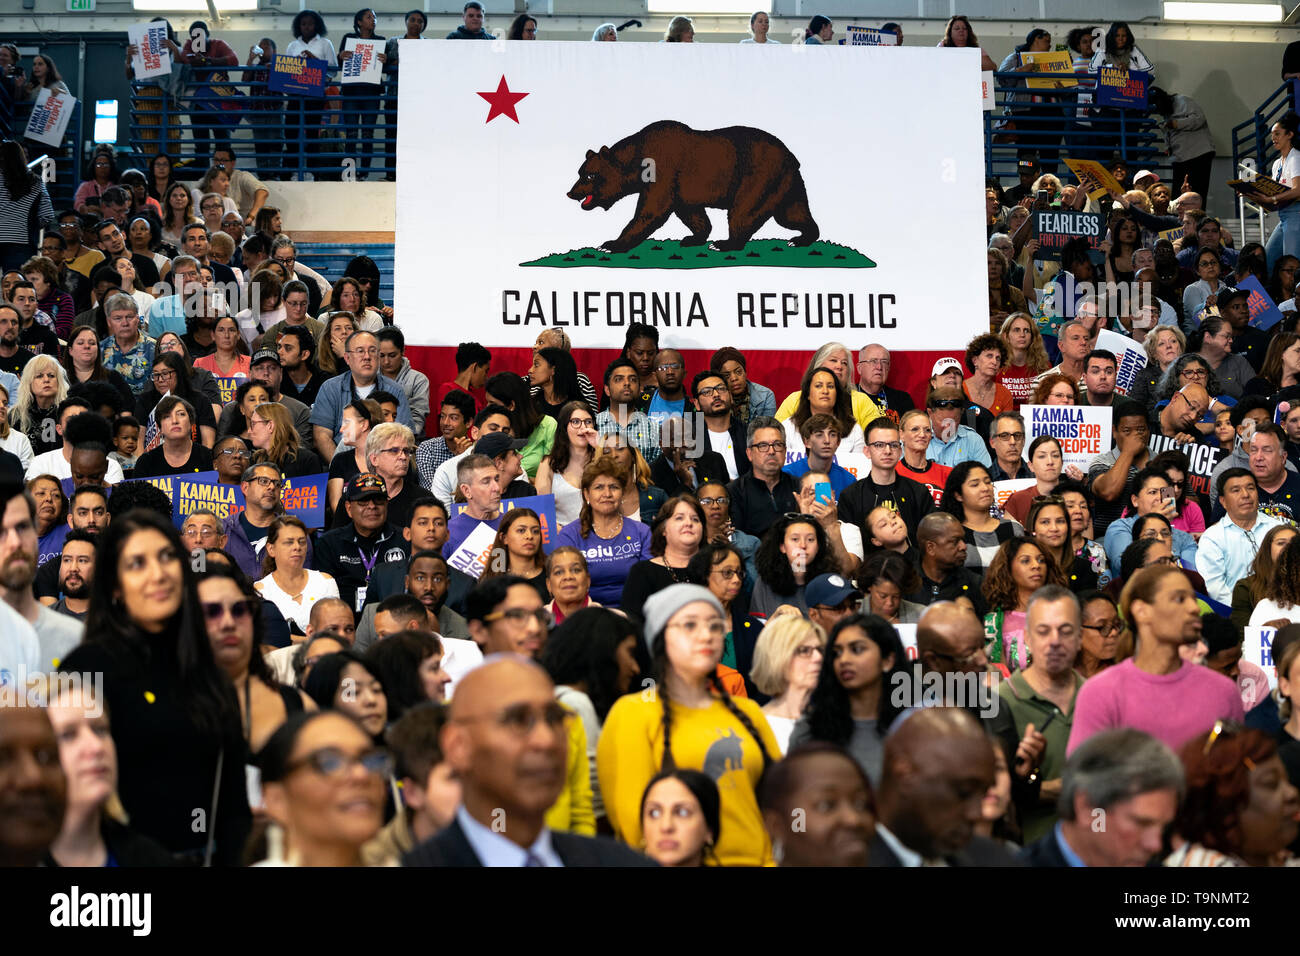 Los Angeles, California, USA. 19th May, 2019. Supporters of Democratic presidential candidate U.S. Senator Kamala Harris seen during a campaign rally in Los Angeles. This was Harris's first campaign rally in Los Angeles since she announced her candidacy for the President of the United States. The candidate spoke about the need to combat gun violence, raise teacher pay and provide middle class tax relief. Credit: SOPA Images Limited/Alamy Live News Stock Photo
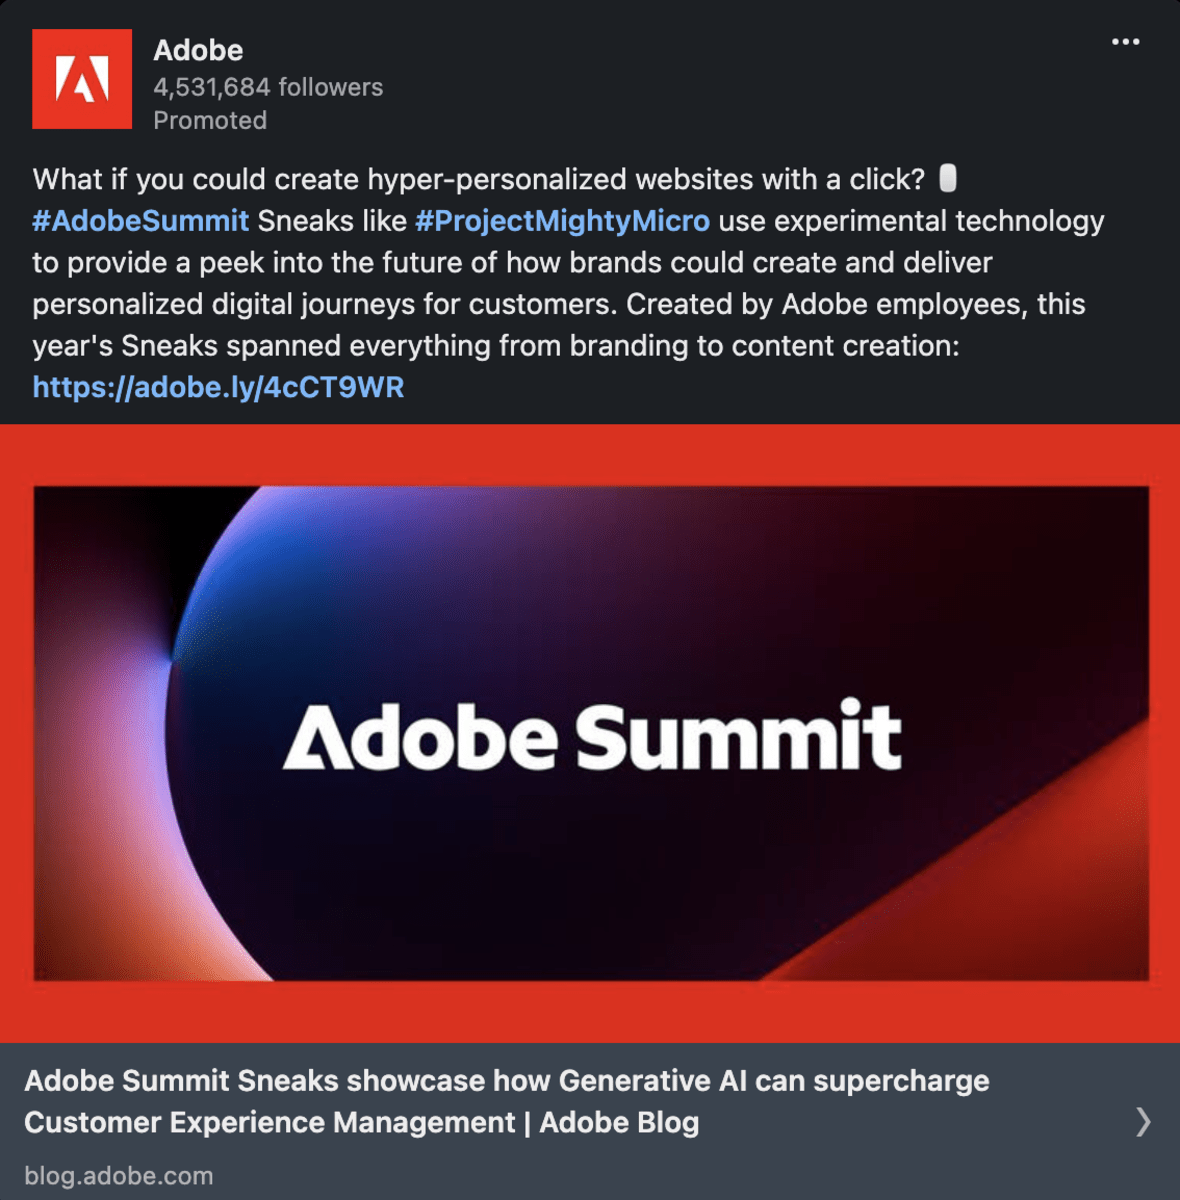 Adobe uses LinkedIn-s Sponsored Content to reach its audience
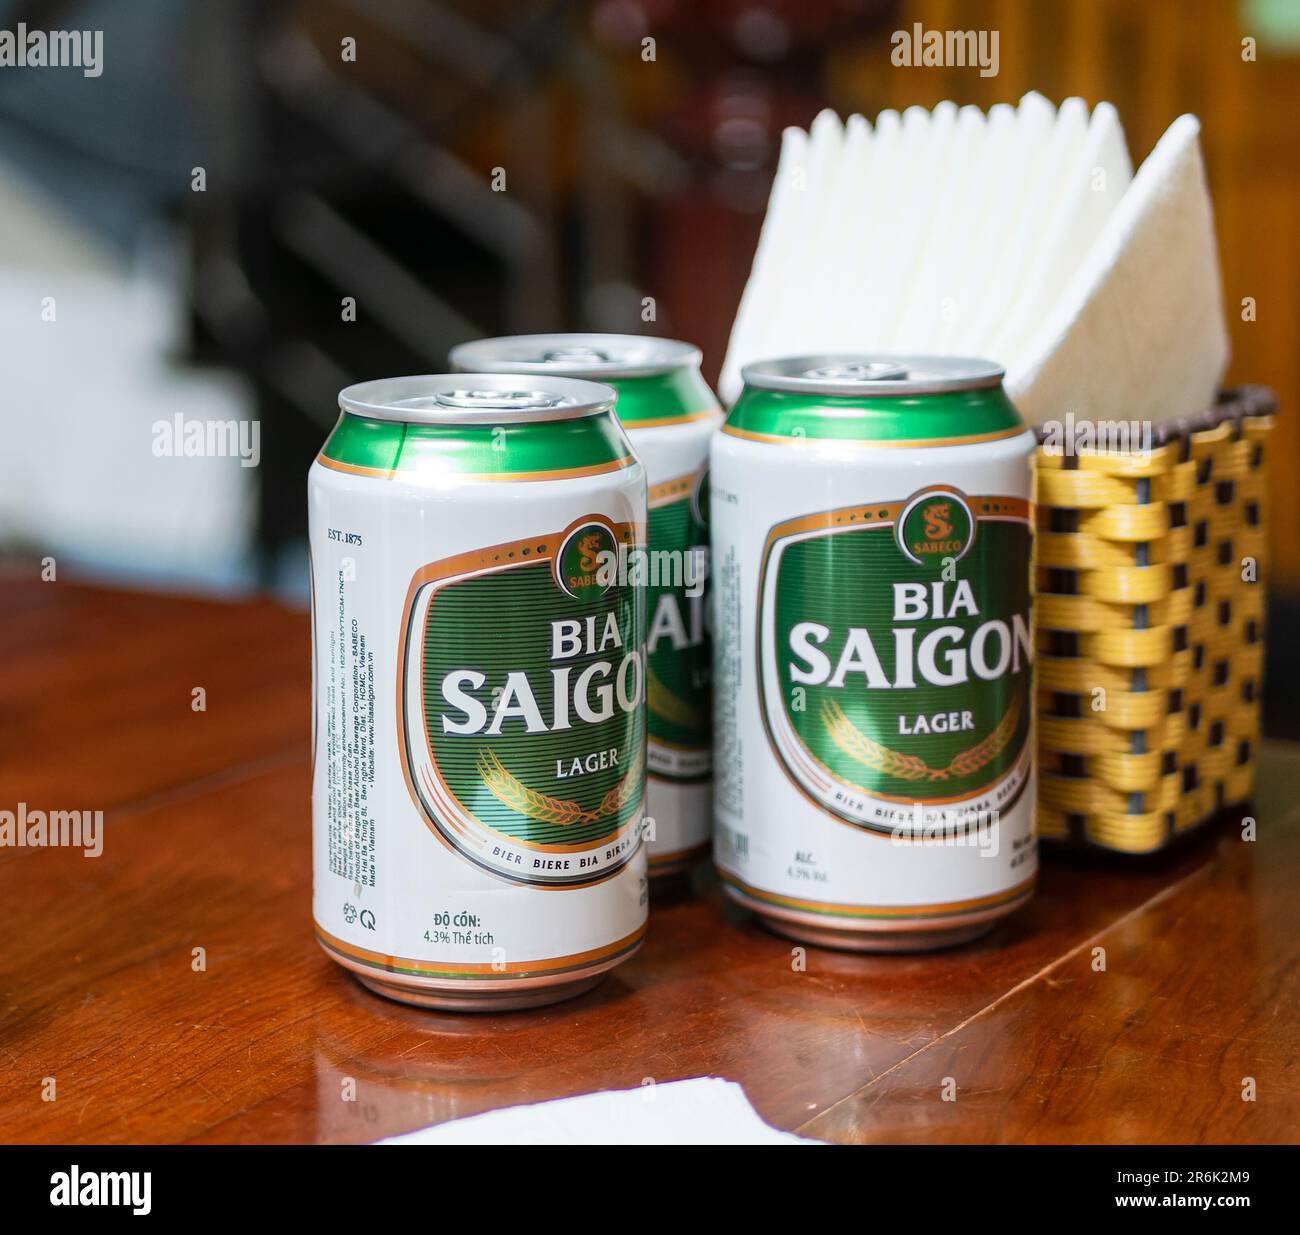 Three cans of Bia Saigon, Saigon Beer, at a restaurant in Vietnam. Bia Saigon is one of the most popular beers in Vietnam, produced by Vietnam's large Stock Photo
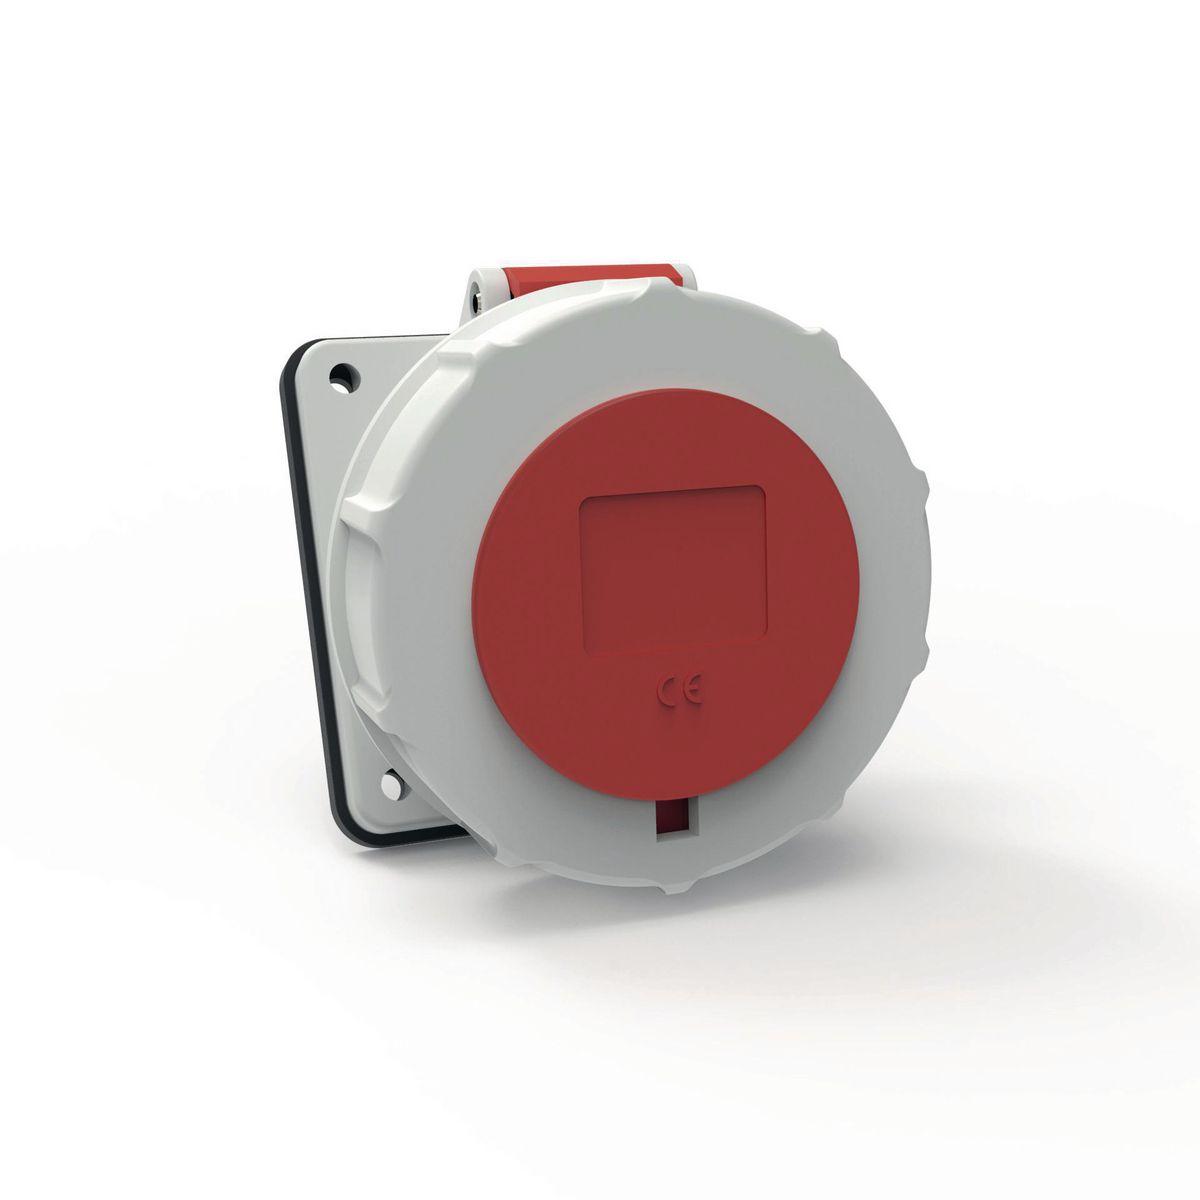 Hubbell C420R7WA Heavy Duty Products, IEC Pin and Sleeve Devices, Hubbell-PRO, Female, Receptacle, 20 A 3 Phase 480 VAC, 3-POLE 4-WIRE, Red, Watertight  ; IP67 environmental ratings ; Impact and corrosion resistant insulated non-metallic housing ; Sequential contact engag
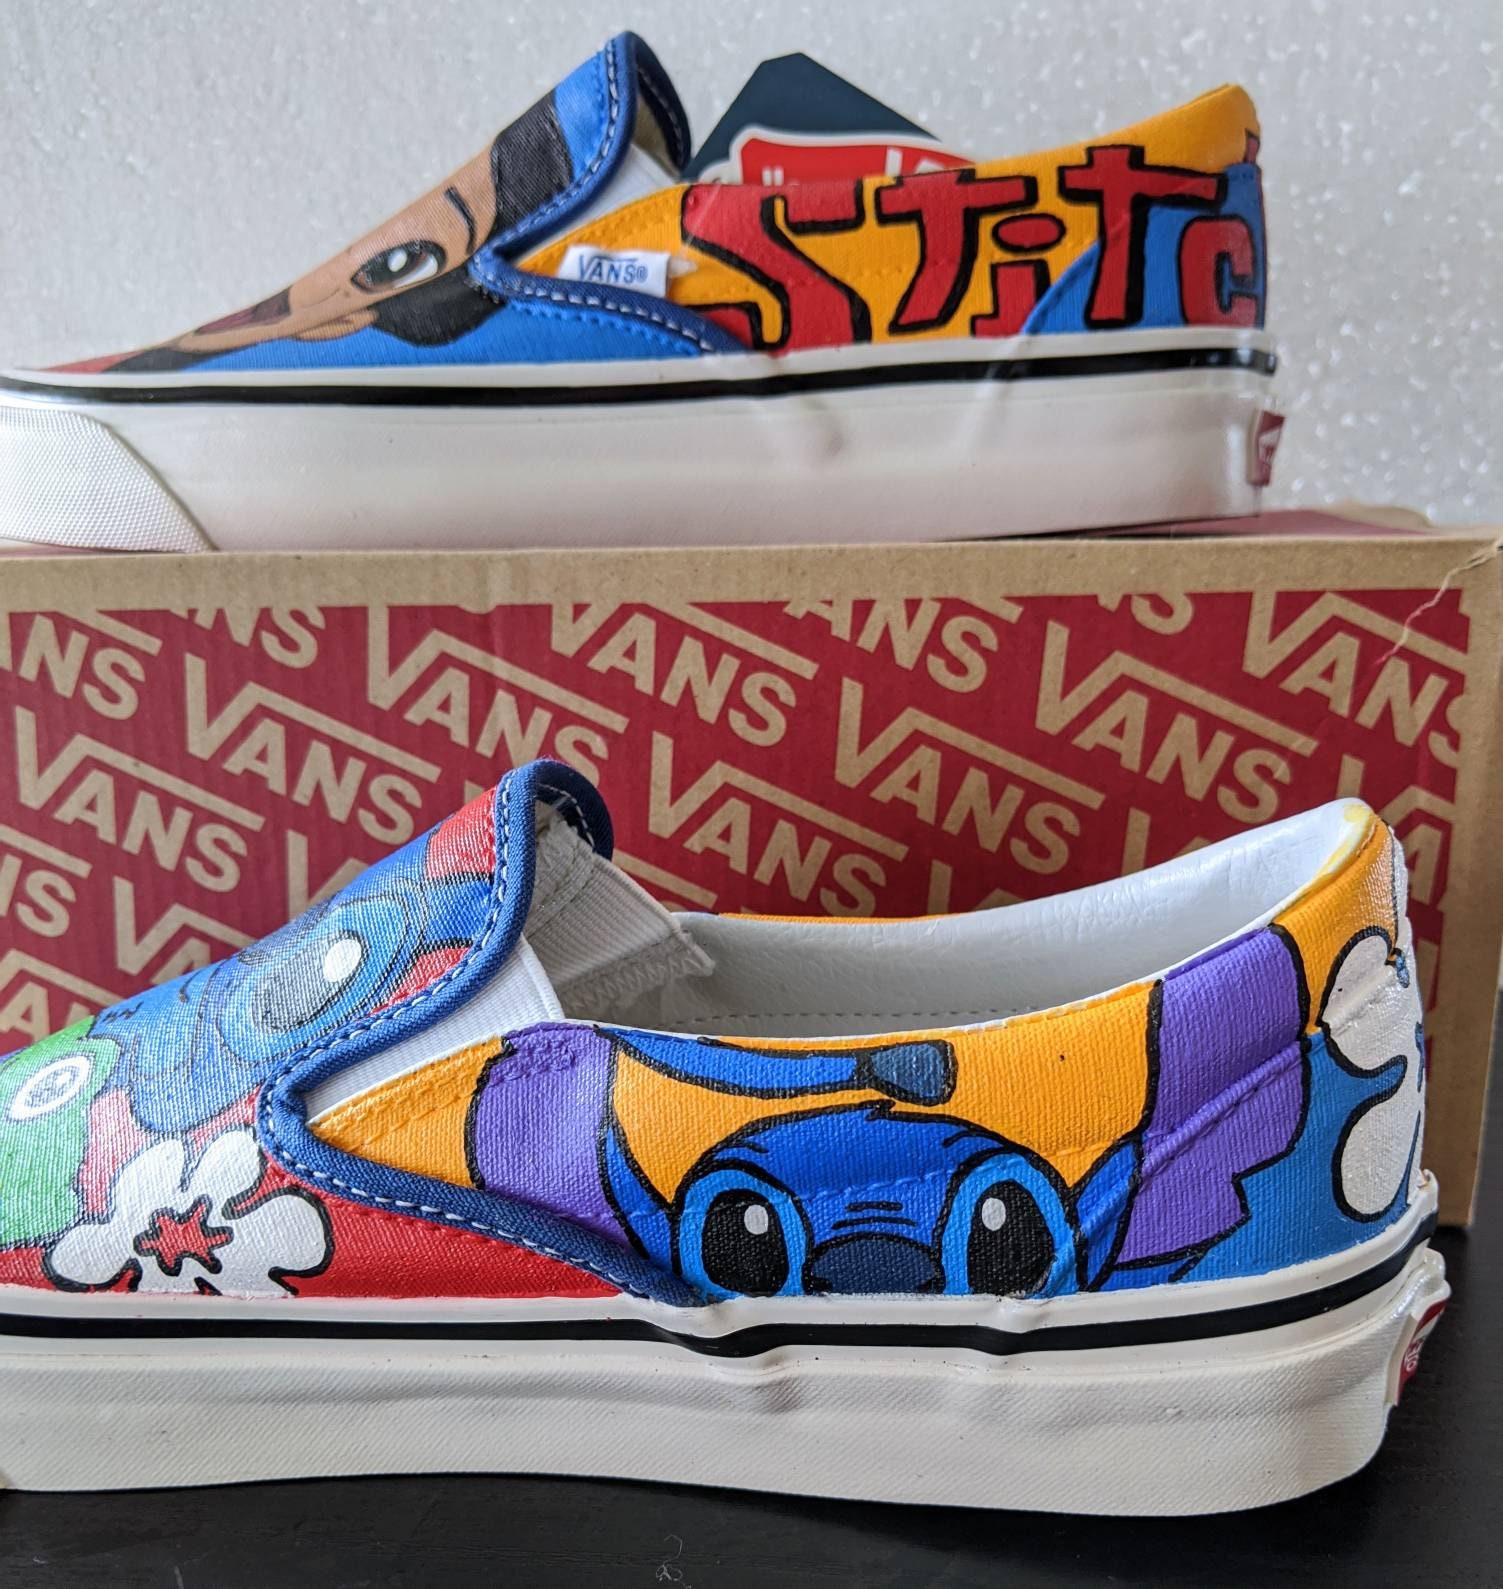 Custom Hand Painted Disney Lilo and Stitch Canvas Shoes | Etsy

--------------------------------

◆ **About this task**
Your task is to repeat exactly the lines from the beginning of the data to the line that contains "Three cans of", both ends included, leaving out pictures.

◆ **Response area**
 Los Angeles, California, USA. 19th May, 2019. Supporters of Democratic presidential candidate U.S. Senator Kamala Harris seen during a campaign rally in Los Angeles. This was Harris's first campaign rally in Los Angeles since she announced her candidacy for the President of the United States. The candidate spoke about the need to combat gun violence, raise teacher pay and provide middle class tax relief. Credit: SOPA Images Limited/Alamy Live News Stock Photo
 Adobe uses LinkedIn-s Sponsored Content to reach its audience
 Three cans of Bia Saigon, Saigon Beer, at a restaurant in Vietnam. Bia Saigon is one of the most popular beers in Vietnam, produced by Vietnam's large Stock Photo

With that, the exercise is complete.